Posts Tagged ‘wildlife’

Badluck Way: A Year on the Ragged Edge of the West. Bryce Andrews. Atria Books, A Division of Simon and Schuster. New York. 2014. 238 pp.

A short, powerful memoir, Badluck Way chronicles a year in the life of a Seattle-born lover of Montana who follows his heart to a huge conservation-oriented cattle ranch in the state’s Madison Valley.617XgEfo2oL._SY344_BO1,204,203,200_

With an unflinching eye, Andrews recounts his own struggles to harmonize his environmental ethic with the raw demands of protecting huge herds of heifers and steers as they grow on the ranch’s range. Especially difficult is trying to deal with the predations of a resident wolf pack. One the one hand Andrews is awed and humbled when confronted with the wolves’ unabashed wildness in situ while on the other hand, he finds himself growing ever more antagonistic as the wolves begin pick off his charges with apparent impunity.
The explosive crisis which he describes in all its conflicting emotions and necessities becomes a nerve-wracking. soul-searching window into all humanity’s muddied waters of pure vs. situational ethics and what that means for all of us environmentalists as we try to place ourselves in the all too real non-human world.

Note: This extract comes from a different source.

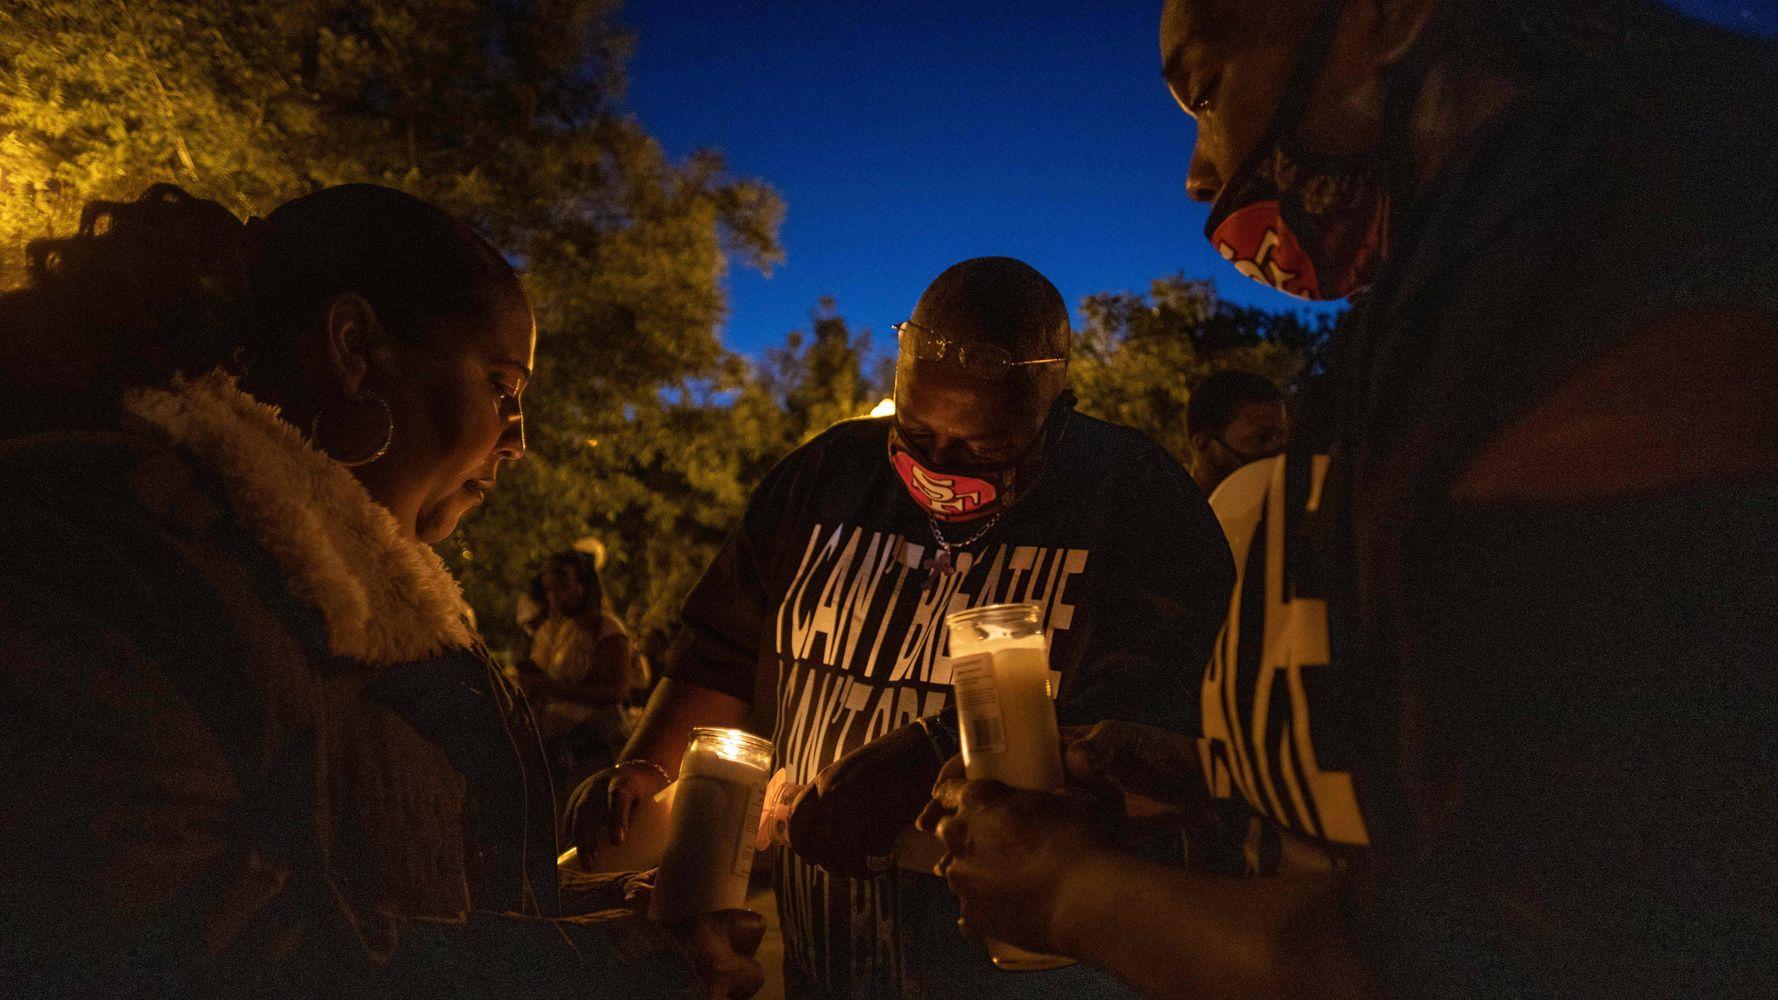 Authorities Investigate Hanging Death Of Black Man; Second In Region In 2 Weeks
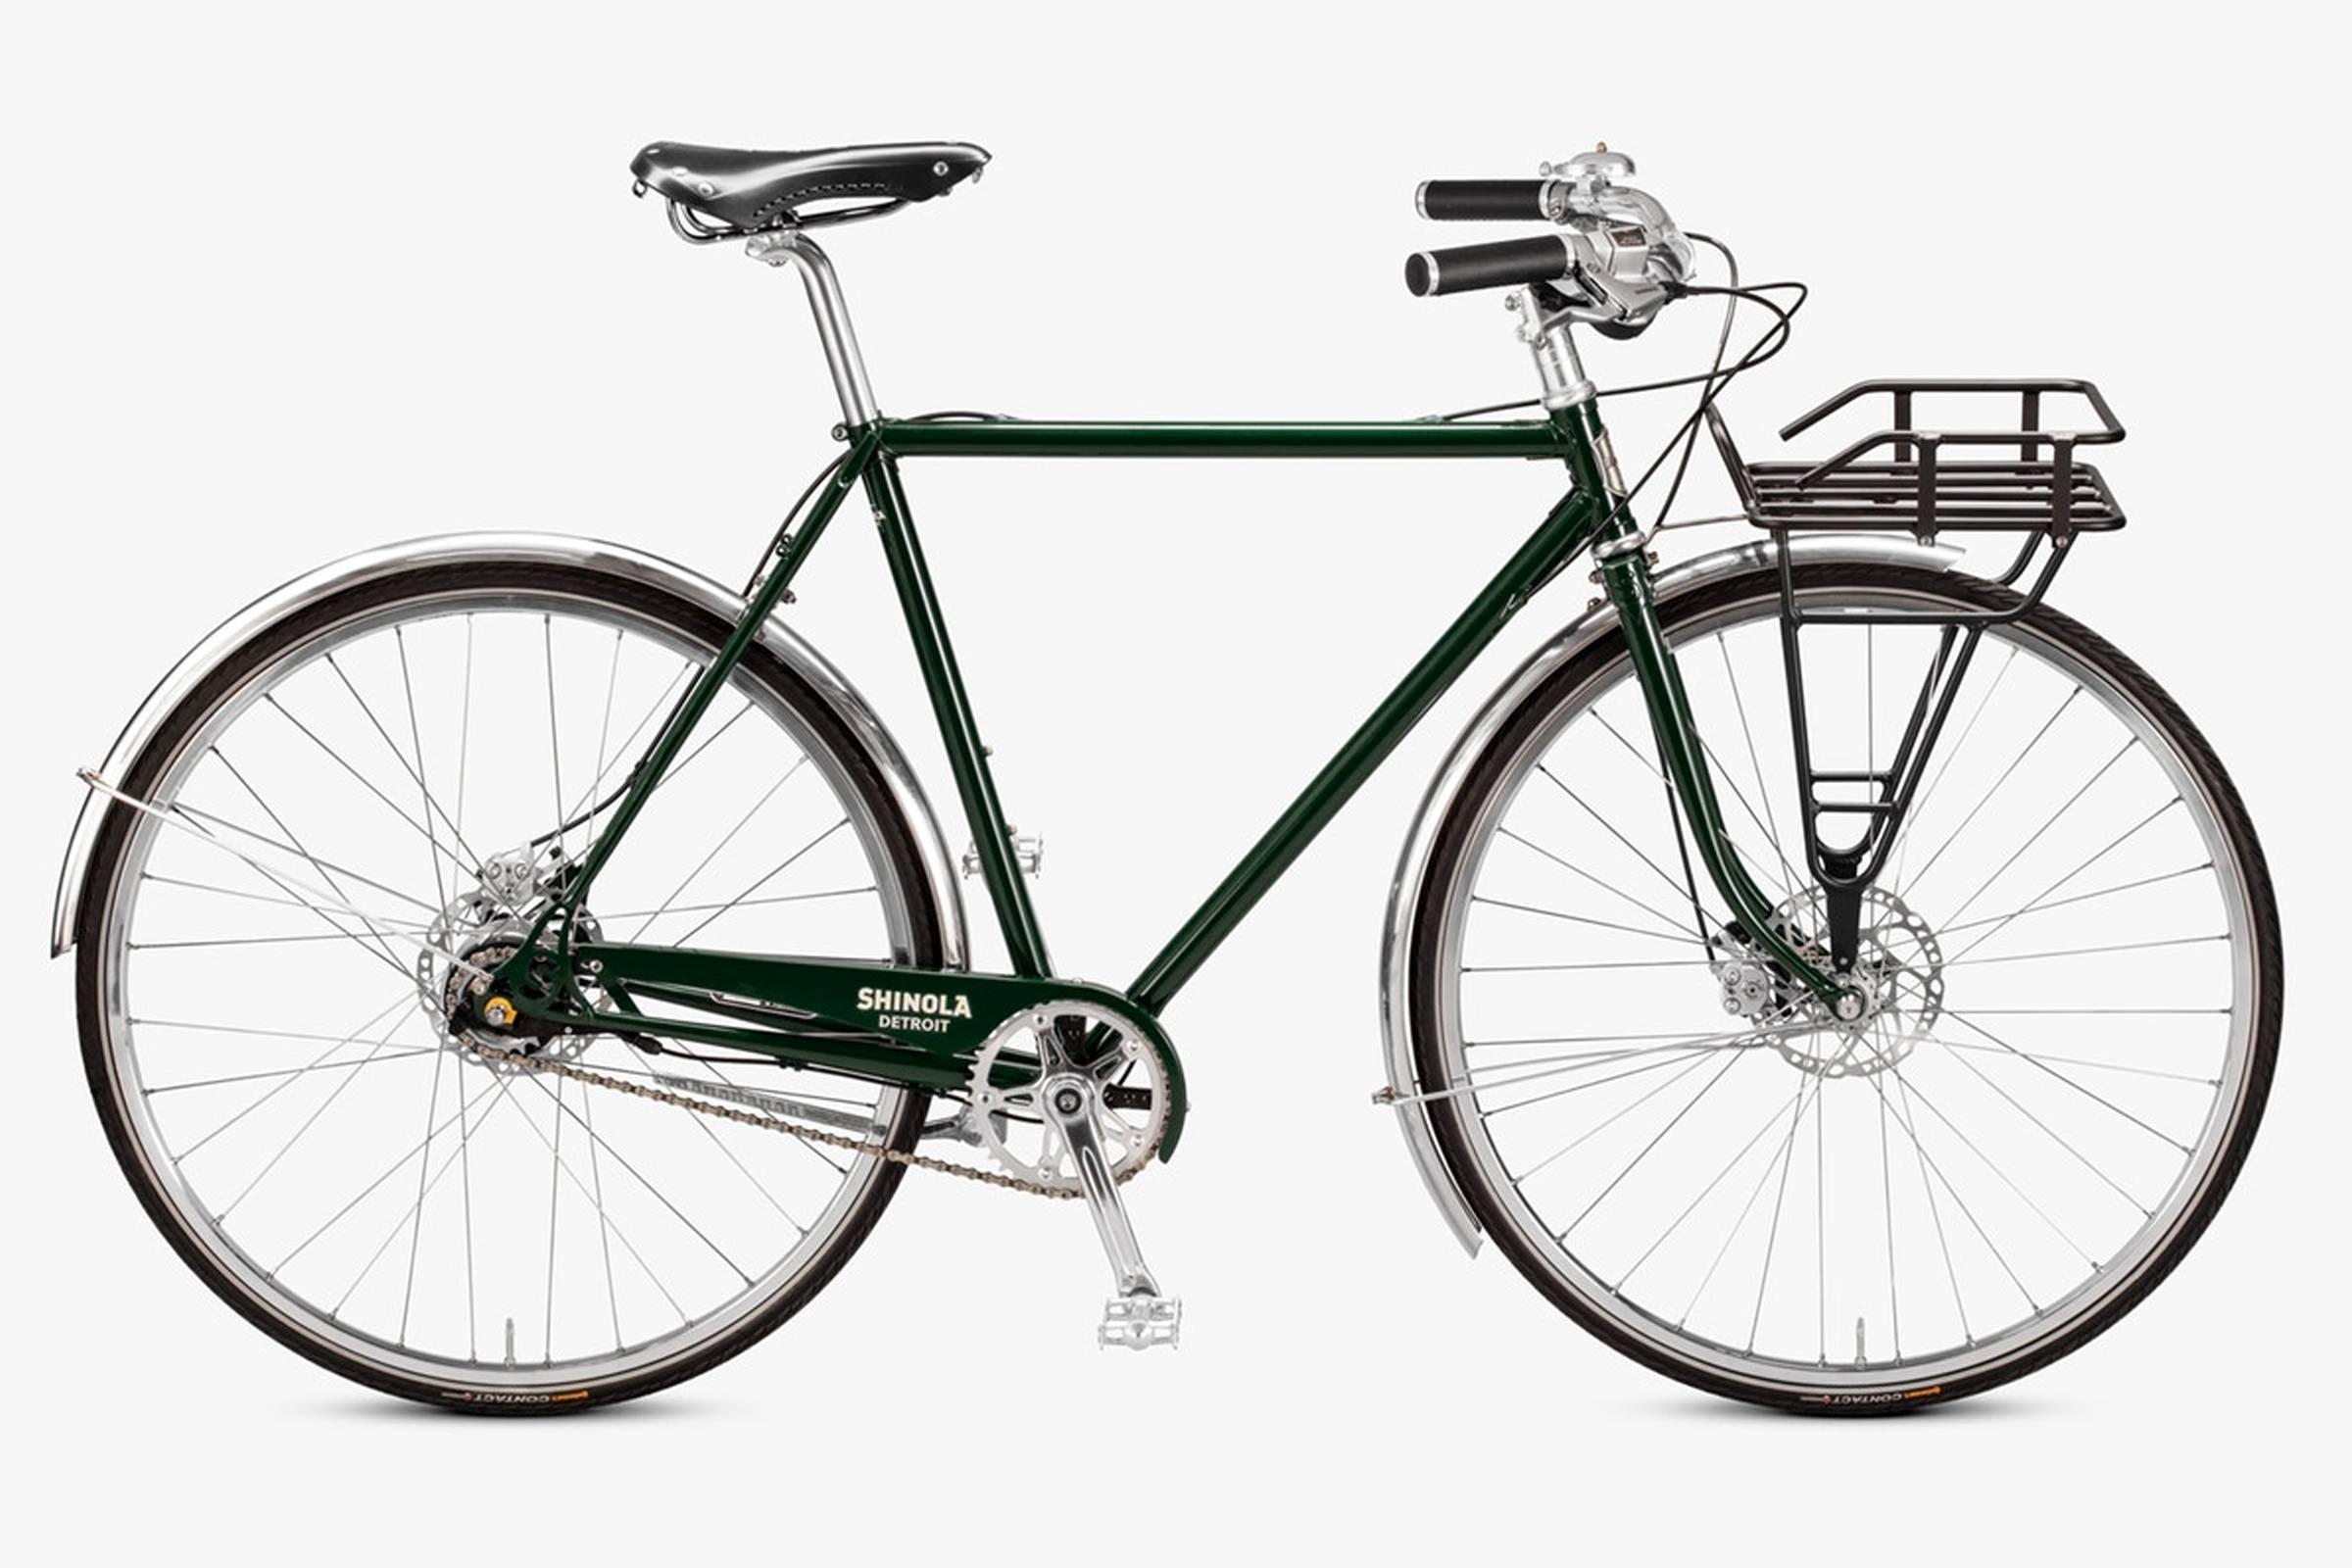 The Shinola Runwell Bicycle

His descriptions of the Sun Ranch’s lonesome and brutal landscape are often achingly moving. I’m not so sure about his use of the occasional chapter written ostensibly from the wolf’s point-of-view. I see what he wants to do and probably even why: It does a great job of dialing back the emotional level while providing helpful information. But even as he makes the point that wolves don’t see the world as we do, he raises the question “how does he know?” and illustrates some of the pitfalls of trying ever to get into another’s head, and complicated by the fact that it’s a non-human’s psychology he’s exploring.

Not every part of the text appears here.